Gündem


Burak ARTUNER

Bu hafta 1 Ekim’de Dünya Kahve Günü kutlanırken ofisteki arkadaşlardan “Ağabey sen bunun tarihteki hikayesini yazarsın bu hafta” tahminleri gelince, onları da kırmayıp pek bilinmeyen tarihi bir öyküyü PD okuyucularıyla da paylaşmak istedim. 

Merzifonlu Kara Mustafa Paşa Viyana önlerine geldiği 1683 Temmuz'unda şehri fethedeceğinden öylesine emindi ki, aklı kuşatma ve savaş planlarından daha çok şehri aldıktan sonra düzenleyeceği geçit törenindeydi. 

Bu geçit resminde Osmanlı’nın gücünü göstermesi için  her şeyi düşünmüş, hayalinde canlandırdığı fetih sonrası düzenlenecek merasimde kullanmak üzere Topkapı Sarayı’ndan çıkarttırıp yanına almıştı. Ancak işler istediği gibi gitmediği gibi adeta bir bozguna dönüştü.

Polonya Kralı Jean Sobiesky'nin olduğu müttefik ordusu geldi ve Merzifonlu Kara Mustafa’nın hayallerini de yıktı. Paşa her şeyini Viyana surlarının önünde bırakıp askeriyle beraber Belgrad'a doğru çekildi ve geride kalan ne varsa Viyana'nın kurtarıcısı Sobiesky'nin oldu. 

Paşa'nın ricatinden sonra Viyana surlarının önünde bir de gariplik yaşandı: Hazinelerin yanında çuvallar dolusu çekilmemiş kahve de vardı. Osmanlı ordugáhını talan eden Avusturyalılar’ın bir kısmı kahve çekirdeklerini önce keçi pisliği sanıp ‘‘Türkler meğerse keçi pisliği yerlermiş’’ dediler ve imhaya kalktılar. Bazıları ise bunların “Deve yemi” olduğunu sandı, bunun üzerine münakaşalar sürürken, daha önce Osmanlı topraklarında yaşamış bir Viyanalı Georg Franz Kolschitzky bunun kahve olduğunu fark etti, Avusturyalılar'a tanelerin ne işe yaradığını anlattı ve Avrupa bu sayede kahveyle tanışmış oldu. Daha sonra kentte bir kahve dükkanı da açan Kolschitzky’nin ismi bugün Viyana’da bir caddeye verilmiştir ve heykeli de dikilmiştir. 
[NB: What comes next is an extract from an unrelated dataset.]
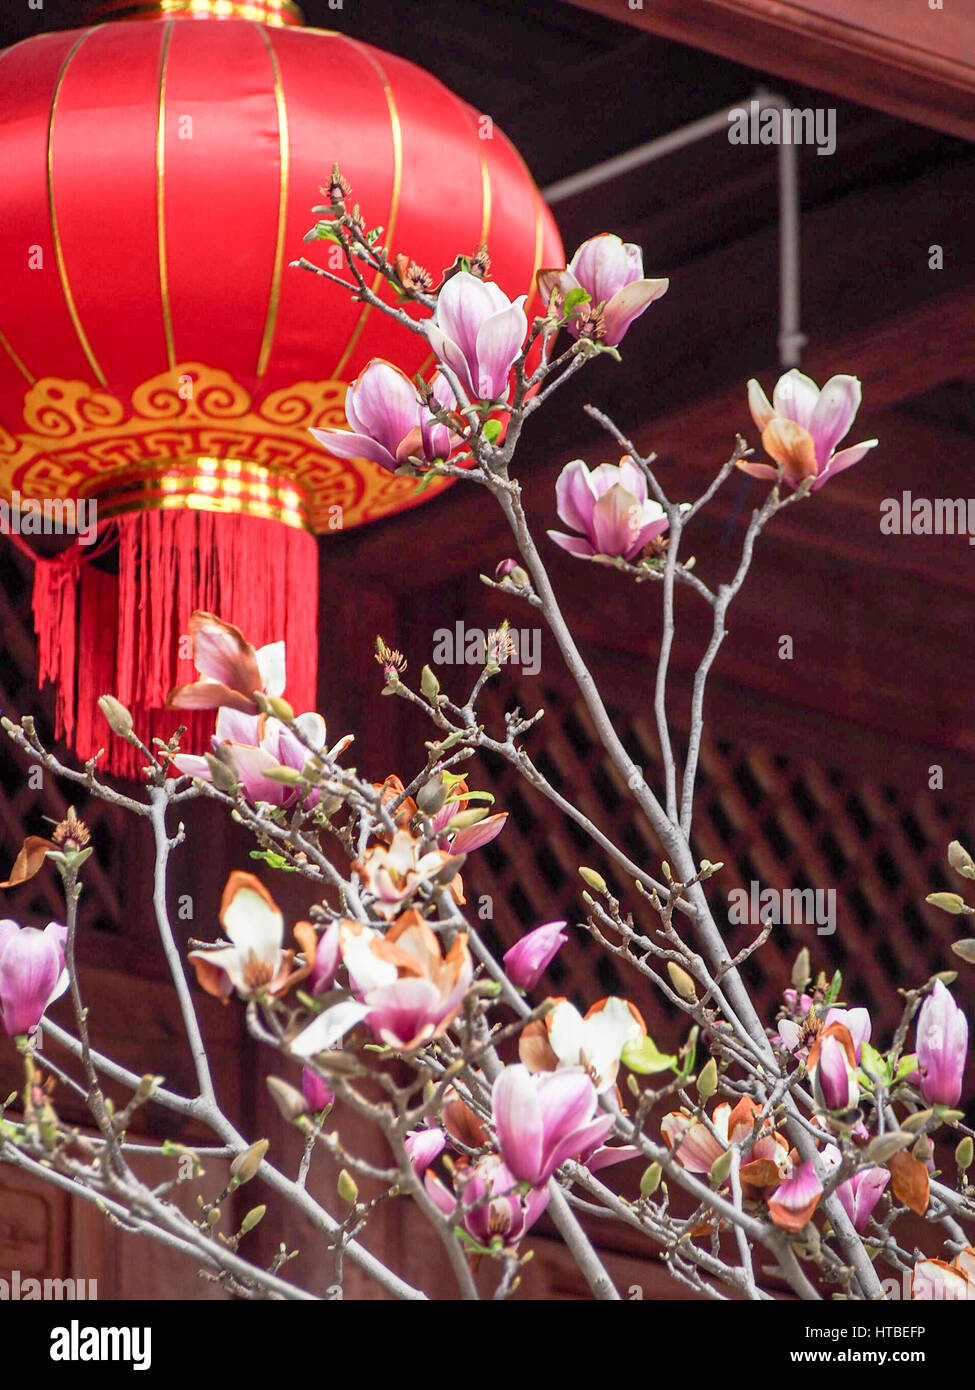 Rosa Magnolienblüten vor ein roter und goldener Lampion in der Feier des Lunar New Year in Dali China. Stockfoto

Öte yandan kahvenin Avrupa’yla tanışmasına dair iki ayrı görüş daha vardır. Onları da aktarayım kısaca: 

Kahve ve Kahvehane kitabının yazarı Ulla Heise’nin aktardığına göre Kara Mehmet Paşa’nın 1665 yılında İmparator I. Leopold’u ziyaretinde yanında kahve getirmişti. Yerel halkı etkilemek için masraftan kaçınmayan Mehmet Paşa, yanında getirdiği kahvecilerin pişirdiği kahveleri Viyana halkına ikram ettirmiştir. 

Avusturyalı tarihçi Karl Teply ise kahveyi Viyana’ya getirenlerin yine İstanbul’dan gelen iki Ermeni tüccar olduğunu yazar.

Sonuçta tüm bunlar, kahvenin Avrupa’ya Osmanlılar tarafından tanıtıldığı gerçeğini değiştirmez.